To Complain or Not to Complain, That is What's Really Going on Here

People, I could start a long list of complaints about how COVID-19 negatively affected my life. Loss of graduations, having to do school at home, having to work at home with 5 PEOPLE IN THE HOUSE. Not to mention the constant fear that loomed overhead.


A few weeks ago I sat in a relaxed position to watch a movie with my family. My heart did a few weird things that made me worry. First, I felt a hard beat against my chest, followed by a weird buzzing and fluttering during which I'm not sure my heart actually beat at all. Then my heart returned to its regular rhythm. I started to freak out.

I explained to my husband what I had felt, and he looked at me with all the sincerity and intensity of a person who is concerned about me. "I think you're having an anxiety attack," he said. I wondered aloud if it could really be that simple. What if something was wrong with my heart? What if my hyperthyroidism had come back full force? What if? He then suggested that I try some breathing exercises, some yoga, and to make sure I get some outdoor exercise every day.

Guess what? My husband was right.

He usually is. I should know better by now.

After making sincere efforts to control my anxiety, my efforts paid off. My heart flutters went away, and I didn't feel the blood pumping in my neck so much. But I still have flare-ups. At first, I couldn't believe I was having this problem. How could I let all the little things freak me out?

When I asked Mike about this, he reminded me that we are not facing little things. We are facing big, giant things that we have never faced before. Out of everything our family had prepared for, we had not prepared for a pandemic.

I also realized another problem that started to make my anxiety worse. The more I complained about my situation, the more nervous I became. The negative, scary thoughts that swarmed around me made me feel worse. Over the last few days, I have learned that the negative, angry comments on social media were upsetting me. All of the arguing, the divisiveness, and the entitlement drove me nuts.

Can I tell you something? My son is amazing. He grieved for a few minutes over his suddenly missing social life, his lack of graduation celebrating, and the fact that he can't go to the senior prom. But he didn't fall into his grief. Instead, he pulled himself out of that dark hole and decided it would be a cool story to tell his kids someday. He did not feel entitled to a graduation ceremony. He understood that things could have been worse, like going off to war or to a concentration camp. His life is pretty good, and he knows it.

If I start getting sucked into the negative, I remind myself that nowhere in my life contract am I guaranteed an easy, simple life. I can work hard. I can negotiate my situation to make things work. People, we are adults and we can do hard things. We need to stop complaining. Governors of states have been highly ridiculed for closing down schools and sporting events. But the truth is, we don't really understand the coronavirus, how it evolves, and what it can do. Be realistic with yourself. There is a chance that we are going into the fall with very similar situations on our hands. Homeschooling. Working at home. Going without, dare I say, football.

*Gasp!*

We are given a beautiful life here on this earth, and the truth is, that life can be taken away. Things could be worse. You could be affected by COVID-19 in ways that are much worse than trying to figure out Google Classroom. A family member could die.

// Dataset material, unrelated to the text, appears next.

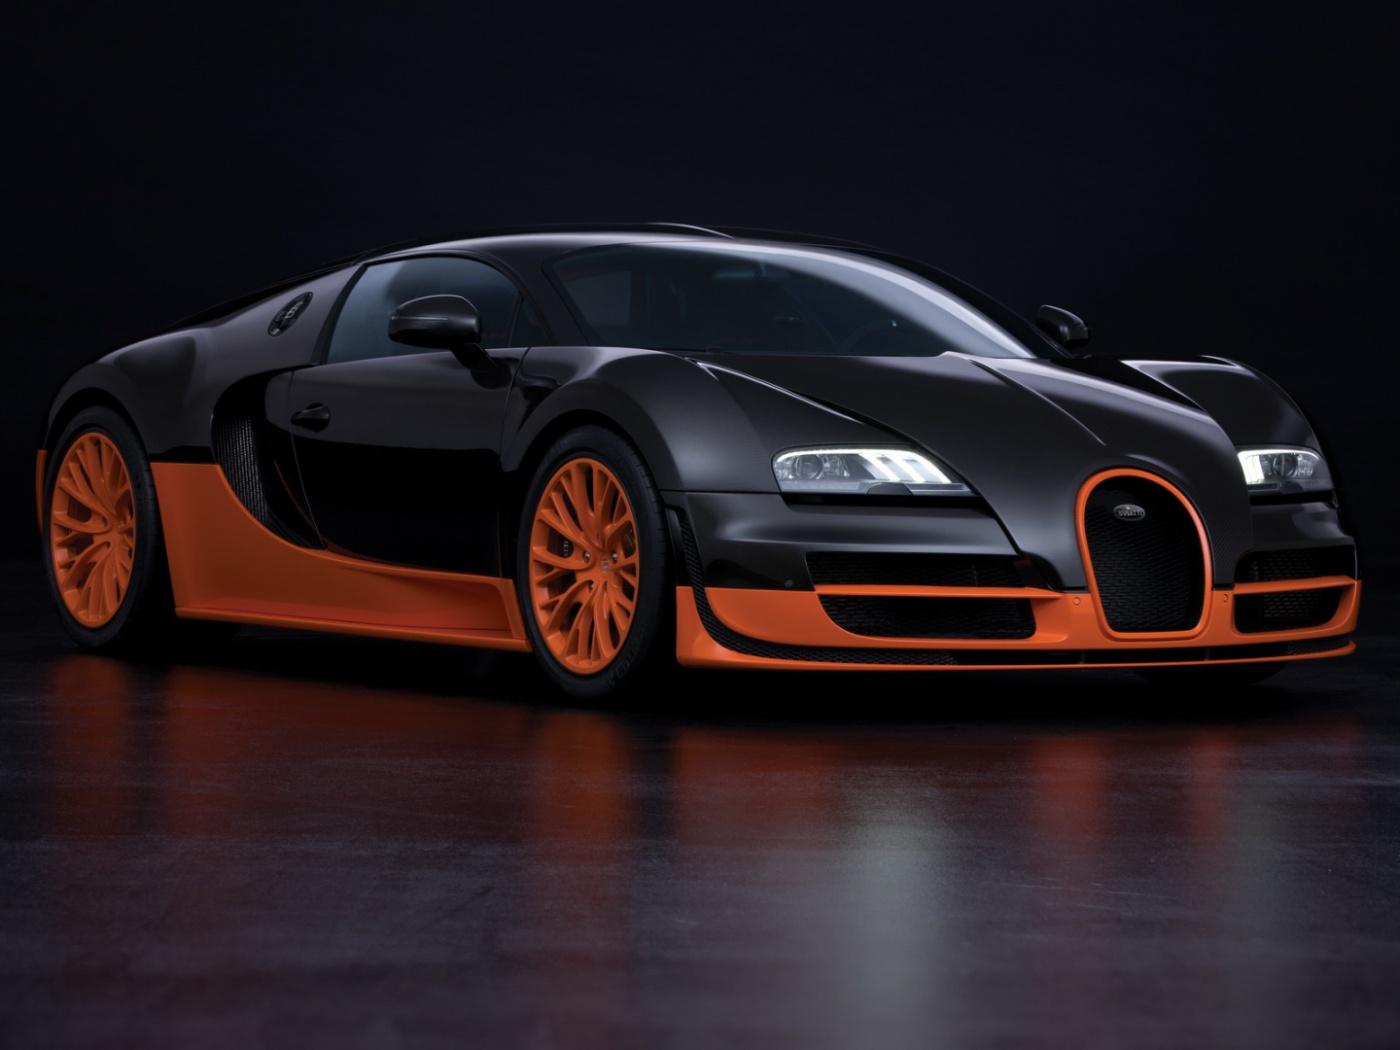 ماشین Bugatti Veyron 16.4 Super Sport

My anxiety can be dealt with. Luckily, it's not so severe that I need medication. But even if I did, I have a great doctor who could help me with that. My kids may fall behind in their online schoolwork, but sometimes that happened when they went to school every day! I wasn't able to walk in a cap and gown to receive a fake diploma (since the real one is still in the process of being mailed to me), but who wants to sit through three pointless hours of name-reading, anyway? Not to mention my kids would've hated it.

Whatever challenge you are facing, face it with positivity. I understand that many people are going through terrible things, and I won't judge you, especially if you've lost your job, if you've been sick, or if you know someone who's been sick. Even then, positivity exists. Life is still beautiful.

May we all learn how to live and adjust well in this new normal.